她还来不及震惊于自己的家并没有倒,一心一意就是要找到些什么似的四处遍寻。
她回到现代来了,那他们呢?
是在神话世界里被摔死了,还是他们没被摔死,只是还在神话世界里?
那她呢?她怎么办?
厨房,没有。
浴室,没有。
客厅,没有。
棋的房间,还是没有。
那他们到底在哪里?难道真的只有她一个人回来吗?还是他们都只存在于自己的幻想里?
许羡恩挫败的蹲在地上,想起吱吱的撒娇、神牛的嘴贱…还有滕奔到飞车就要翻复前还护着她安全的情意…
木门“咿呀”一声的被打开,许羡棋从门外走进来。
“大姊,你在干嘛?”
她仍然是那副扮相,满脸的笑容看起来比以前更美了。
是她太久没看到自己的关系吗?怎么感觉她有点不一样了?
“没有。”许羡恩站了起来,紧张兮兮的握住许羡棋的手。“棋,我问你…你有没有…有没有看见什么奇怪的事情?”
“大姊,你真爱说笑,咱们住在这儿,荒山野岭的,哪有什
么奇怪的事可以瞧见?要真有,我就不会镇日喊着无聊了。”许羡棋笑得娇媚,踩着小碎步帮姊姊斟了杯水。“哪,喝点水,我从外头就听到你的叫声啦。”
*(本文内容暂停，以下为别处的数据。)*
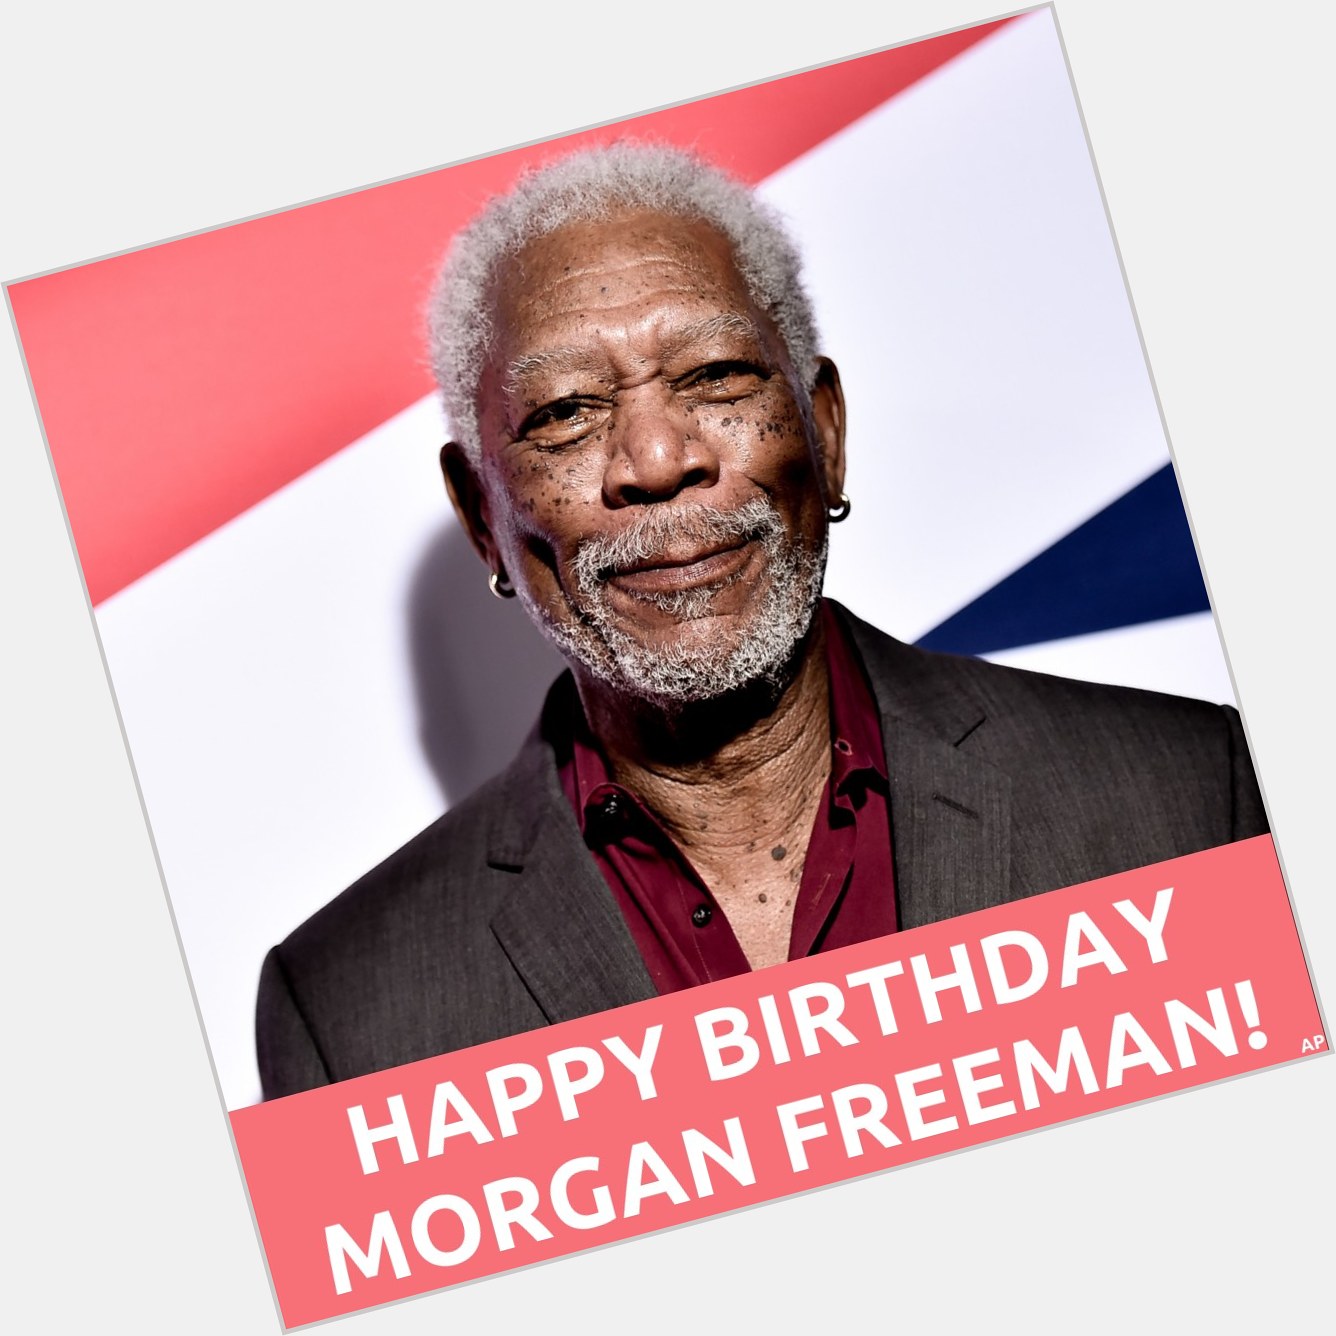 HAPPY BIRTHDAY! Morgan Freeman turns 83 today.

“咱们家…没地震吗?”许羡恩啜了口水,这才想起,房子理应倒掉才对。
“没啊。”许羡棋皱着眉头“怎么啦?一睡起来净说些胡言乱语,难不成你学淳于棻一样也跑去大槐国被国王招为驸马,最后还当了南柯郡的太守吗?”
许羡恩深深的叹了口气“没有,不过也差不多了…”
“哟?不错,说来听听。”
许羡棋睁圆了眼,等着她说说她的南柯一梦。
“不要。”许羡恩冷淡的撇过头去,泪水在她的眼眶里打滚。
她不想把那些冒险的过程和任何人分享,想到那段旅程,她就又高兴又悲伤,因为想到那段,她就会想到滕奔…那个在有生命危险时还奋力保护她的男人。
眼泪啪答啪答的掉了下来。
他是不是真的死了?不然羡棋为什么没提到他?
想起差点被吃掉的他,想起那个在她害怕的时候牵着她的手走路的他,想起在她假装睡着的时候偷亲她的他,想起到死前坚持要保护她的他…
“呜…”她小小声的呜咽着。
怎么又哭了?别哭喔,乖嘛…
他的话轻轻在她心湖里回响,在她记忆里翻腾。
没想到还好,愈想她就愈难过,到最后眉一皱、嘴一张就放声大哭了起来。
“呜哇…我不要你死掉、我不要你死掉,人家…人家还没说我很爱你,你怎么可以死掉啦——”
她哭得大声、哭得用力,她好想回去那个神话世界,她能不能只要确定妹妹没事了以后就回去那里?因为没有他在的地方,就没有人保护她了,而她,早因为他,变得像个依赖大人的小孩,没有他哪里都是危险的!
“你怎么这么讲不听?都要你学着哭好听点了嘛。”一只大手忽然拍拍她的头“乖,别哭了好不好?”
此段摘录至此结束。